By March 10, 2020 No Comments

phishing attack In the latest string of attacks on industrial companies, last week’s phishing hack on British utility Southern Water again brought to the forefront concerns around utilities’ cybersecurity. According to the Register, the utility’s networks, including their Supervision, Control, and Data Acquisition (SCADA) system, were impacted by the attack. The attack rendered Southern Water’s services temporarily unavailable for customers.

As this recent phishing attack has shown, essential utilities are frequently left vulnerable to cybersecurity risks – and attacks can both disrupt service for customers and be incredibly costly for the utility. In this case, an employee opened an attachment in an email claiming to be from the CEO, and an unsophisticated commodity malware attack was able to gain access to the utility’s networks. While the attack only briefly disrupted operations for Southern Water, it showed how simple it is for hackers to infiltrate operational networks, leaving far too many devices vulnerable. 

With current zone-based segmentation approaches, hackers are able to move laterally and bypass security controls within a network – like firewalls, NACs, and VPNs – with a simple attack. When organizations assume implicit trust inside each zone of a network, attackers are able to move freely once an initial intrusion is made. A single IT network intrusion – affecting one device – can be catastrophic, having significant impacts on both the water utility itself as well as the population who relies on it and the environment.

When it comes to cyber attacks in the utility space, role-based access control technology would be able to limit the spread of such an attack or block it entirely. By building trust-based interactions based on identity, and securing all these interactions, industrial organizations can dramatically reduce the attack surface as well as the impact of a successful attack. 

The key to preventing these attacks on utilities, then, is for companies to enforce access control for every interaction across their entire networks through a unified platform.
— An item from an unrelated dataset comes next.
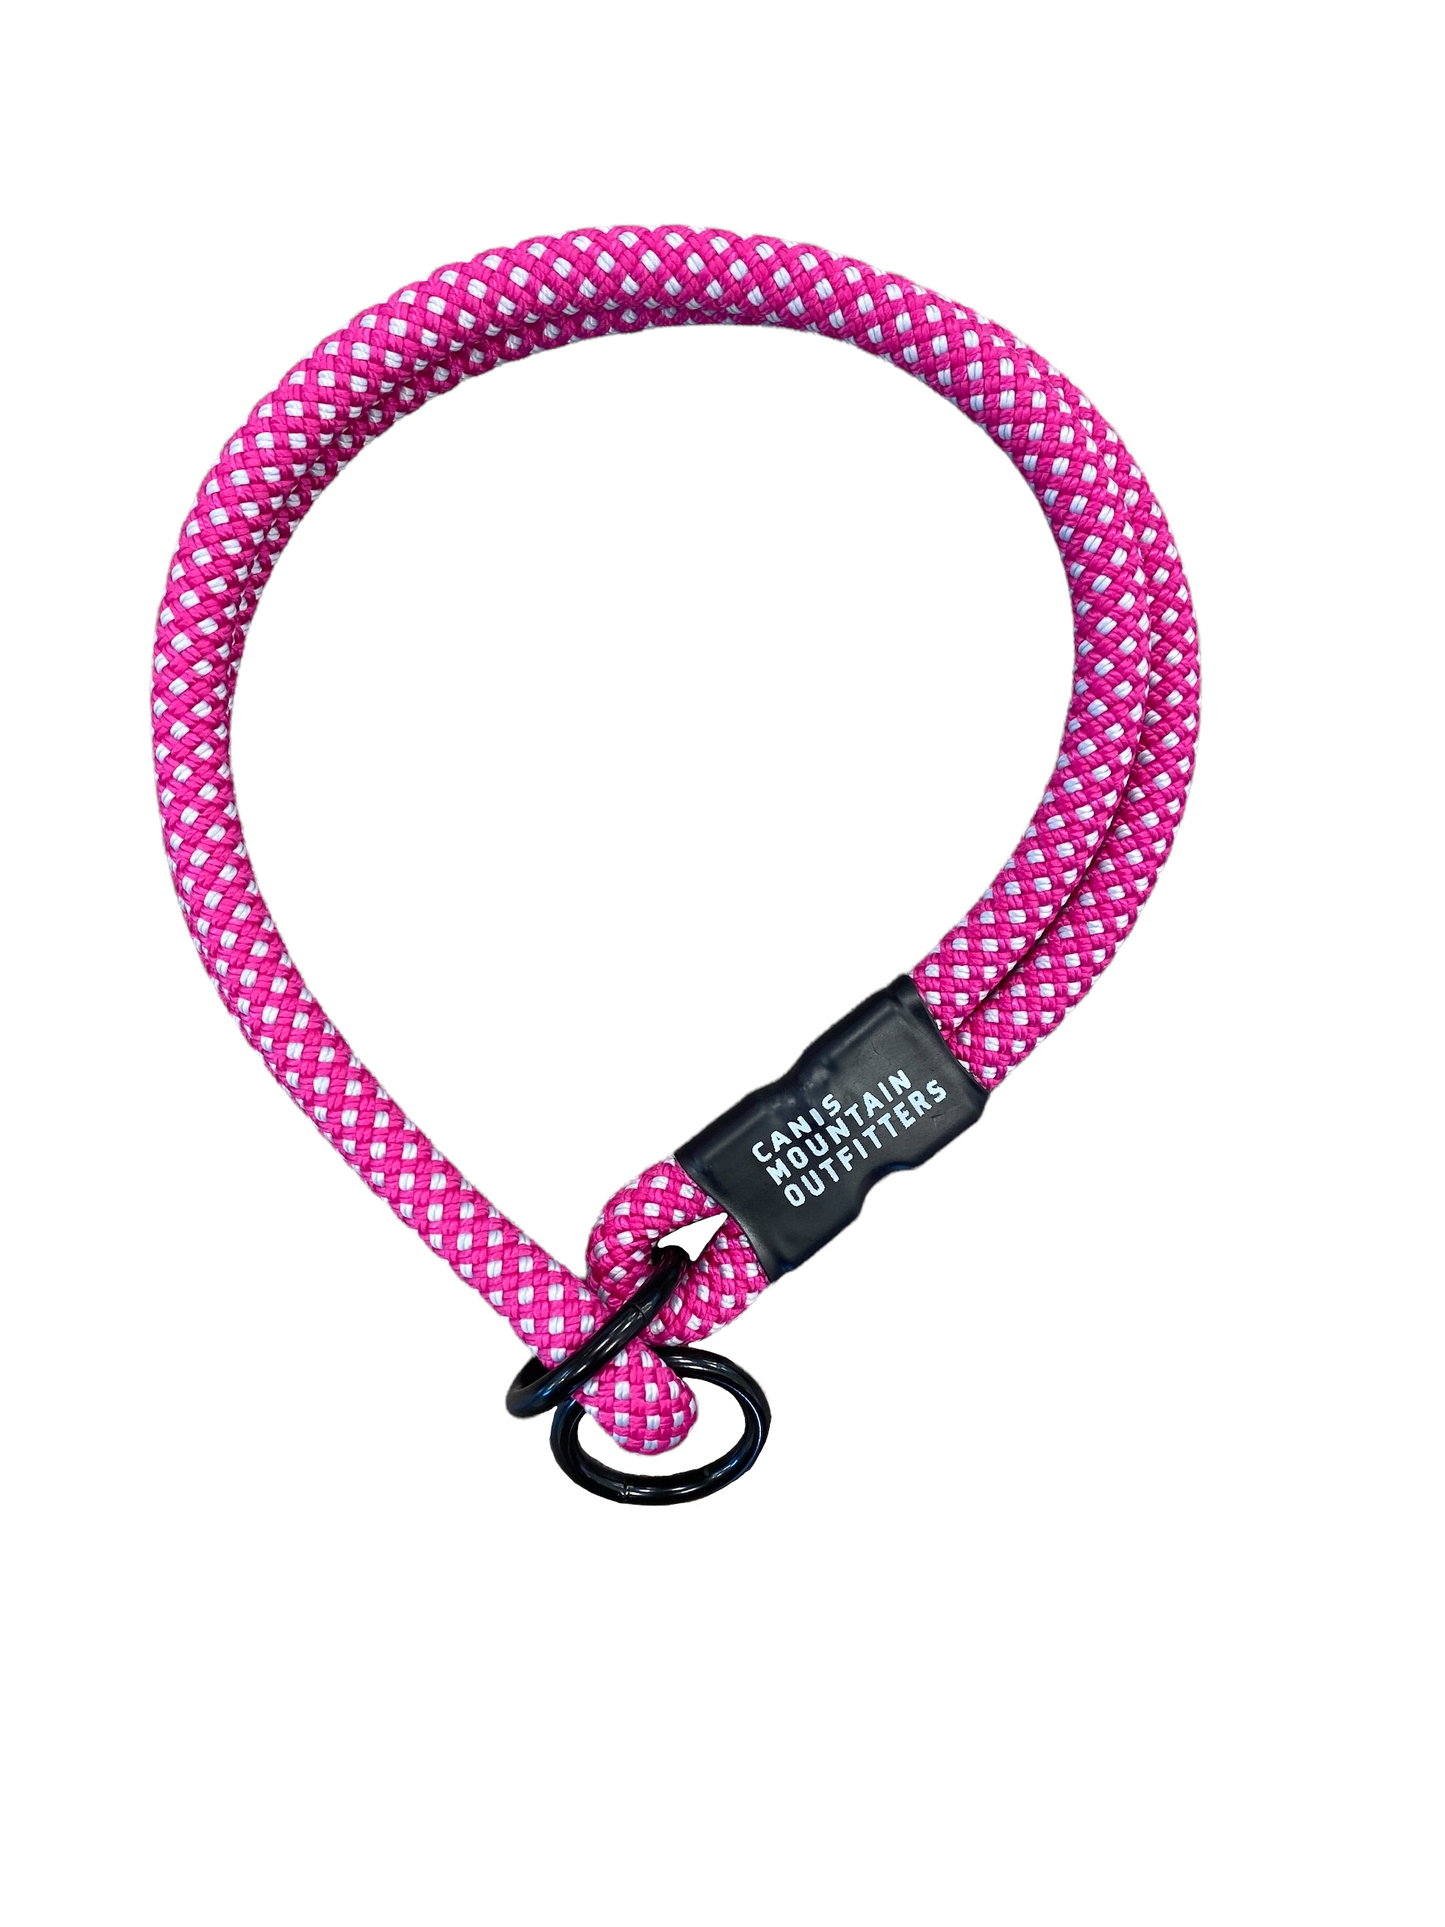 Canis Slip Collar - RS - Limited - Pink White - 10mm

With Xage’s Security Fabric, industrial operations are protected with a trusted cybersecurity foundation, whether human-to-machine, machine-to-machine, or edge-to-cloud. By protecting each individual asset by its identity and by using multi-factor authentication – rather than a zone-based system – Xage’s solution makes it extremely difficult for hackers to move between assets. In deploying this distributed and tamperproof security fabric across every element of the utility’s environment, Xage ensures that operations are secure while also allowing organizations to safely embrace digital transformation. 

With the rise of cyberattacks, utilities need to move their operations (including their SCADA systems) to security platforms with multi-factor authentication and role-based access control in order to prevent future hacks. Utilities that deploy comprehensive identity and access management controls can ensure their systems are protected while also enabling their organization to digitally transform, securely.